Pass 4: the checks that need a conversation
What survives the first three passes and the disqualifiers is the short list, and it is the only part of the list that should ever cost a relationship. Owner intent, succession, real financials and timing are invisible from the desk, and they decide whether a company that looks right is actually available.
This is also the point where the stage of the deal changes the next step. An Off-Market company needs an introduction and a reason to talk. A Pre-Market company may already have an advisor preparing materials. An On-Market deal needs a different first question entirely: whether it is still available at all, which is covered in how to tell whether a deal is real. Once a conversation produces real numbers, the work moves from screening to preliminary diligence, which is a separate discipline with its own checklist.
What to hand the partner
The short list is not twenty company names. It is twenty names with a line each: why this company is in, what the ownership check found, the size band and how it was estimated, and the one open question a call would answer. Alongside it goes the cut log, grouped by reason, so the partner can see that the universe was worked rather than skimmed.

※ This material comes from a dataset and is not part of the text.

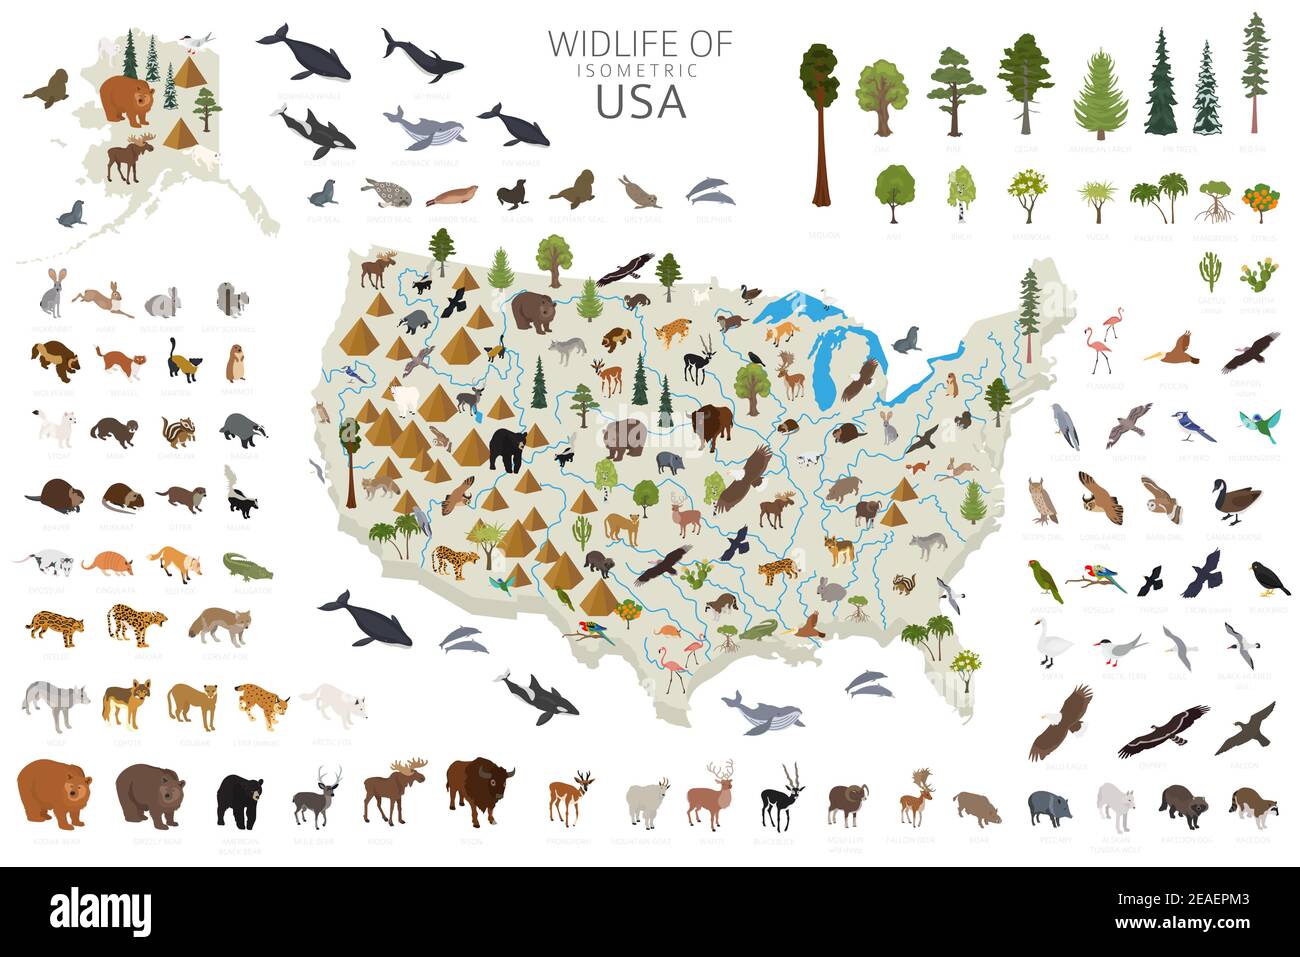 3d isometrico della fauna selvatica degli Stati Uniti. Elementi costruttivi di animali, uccelli e piante isolati su set bianco. Crea la tua raccolta di infografiche geografiche. Illustrazione Vettoriale

That cut log is the asset most screens throw away. Rejections, recorded with a reason, are how a mandate gets sharper. They show which sectors produce nothing but franchisees, which geographies are already consolidated, and which source lists are mostly noise. Next quarter's screen starts from that knowledge instead of from a fresh export.
It is also the design behind the approve-or-reject queue on the OmniSource platform: matched companies land in Targets to Review, and a rejection with a reason teaches the mandate as much as an approval does. Whether the screen runs in a spreadsheet or a product, the rule is the same. Every company that leaves the list leaves with a reason, and the ones that stay have earned the call.